The Tax Cuts and Jobs Act (TCJA) added the Qualified Business Income (QBI) deduction under Section 199A of the Internal Revenue Code (IRC).
Under Section 199A(b)(2), a taxpayer’s QBI deduction is the lesser of the following two amounts:1
- 20% of QBI, or
- the greater of
- 50% of Form W-2 wages, or
- 25% of Form W-2 wages, plus 2.5% of the UBIA of qualified property used in the trade or business.
A company calculates its UBIA under Section 199A(b)(6), which generally equals the cost of tangible property subject to depreciation which meets the following criteria:
- The property is held by and available for use in the trade or business at the end of the tax year;
- The property is used during the year to generate the company’s QBI; and
- The property’s depreciable period for UBIA has not ended before the close of the taxpayer’s current tax year.
What’s important to remember about UBIA property is that the business does not depreciate it from its original cost basis.

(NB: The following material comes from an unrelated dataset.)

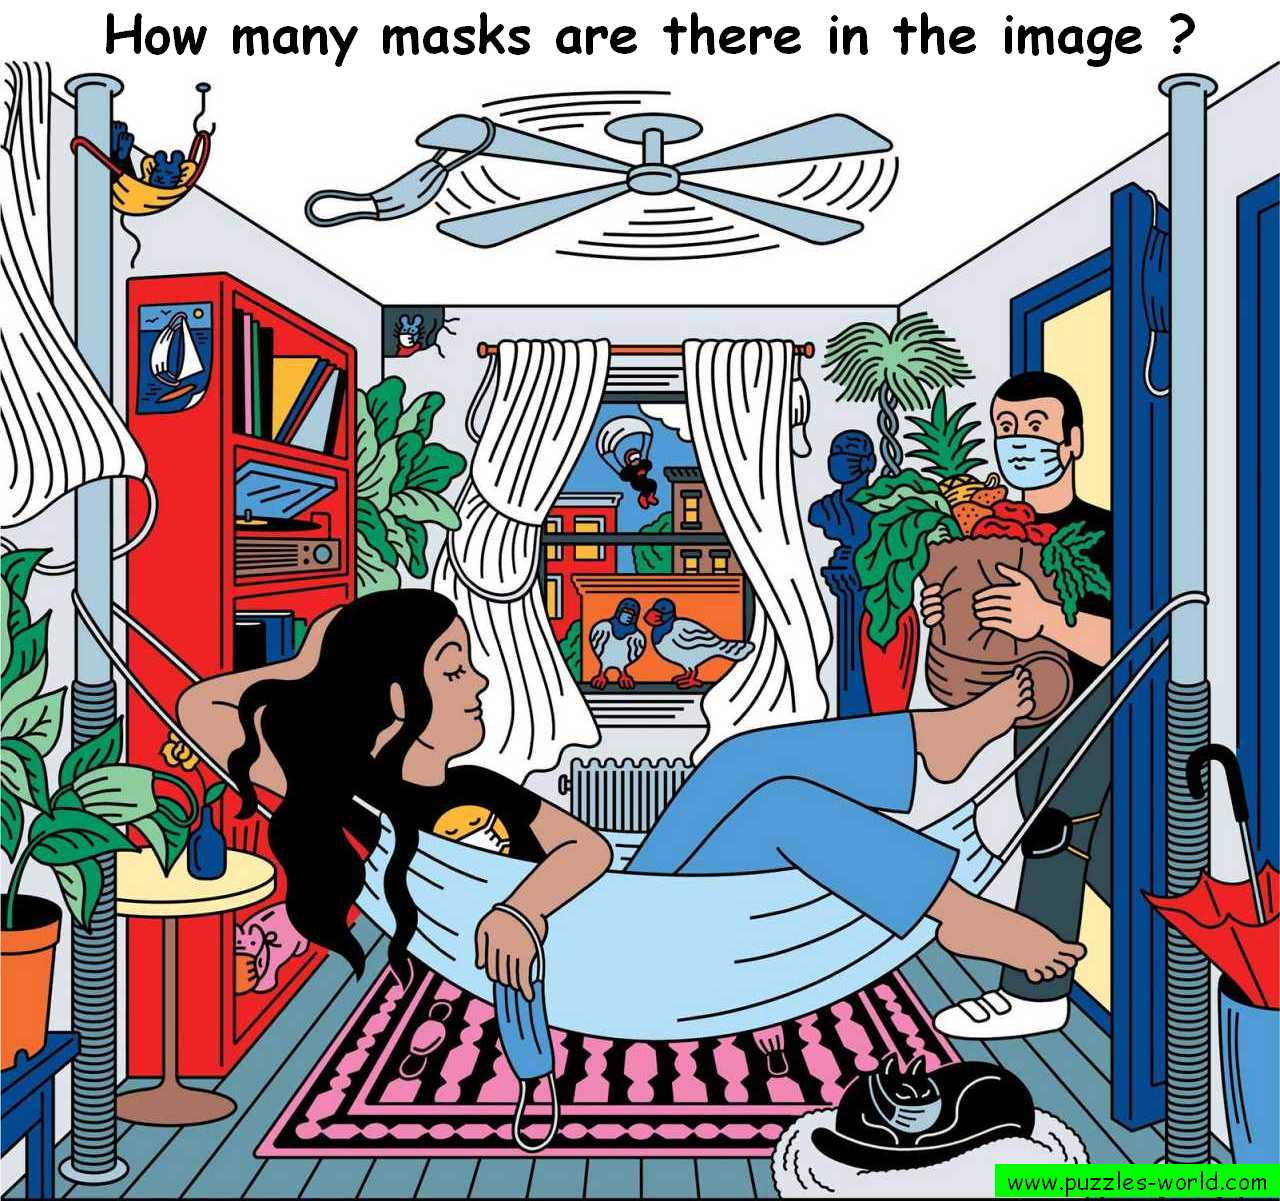 How many masks are there in the image ?

The ability to use the UBIA property will end on the later of 10 years after the property is first placed into service or the last day of the last full year in the applicable recovery period under IRS Section 168(c).
Example UBIA Calculation
Company Bravo LLC, a Florida limited liability company (LLC), operates a lawn care business in Florida. The company was formed on January 1, 2022, and immediately commenced operations.
In 2022, the company purchased a Ford F-250 truck for $50,000. The vehicle is used 100% for business and has no personal use. The company elected bonus depreciation to deduct 100% of the vehicle cost for income tax purposes. The vehicle is the only asset on the company’s balance sheet.

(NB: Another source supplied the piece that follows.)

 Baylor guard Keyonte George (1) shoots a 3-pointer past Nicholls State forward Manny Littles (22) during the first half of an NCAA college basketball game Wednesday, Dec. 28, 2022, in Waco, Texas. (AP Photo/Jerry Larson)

The company’s Form 4562 (Depreciation and Amortization) shows a full deduction of $50,000, which reduces the asset’s adjusted basis to zero.
For purposes of UBIA calculation, the company does not consider the 100% bonus depreciation deduction. The company’s UBIA property remains at $50,000 because this is the the basis of the property without considering any depreciation under Section 168.
It is quite common for a company’s assets to be fully depreciated under the Modified Accelerated Cost Recovery System (MACRS) but still be included as part of UBIA because the assets were placed into service within the ten year window.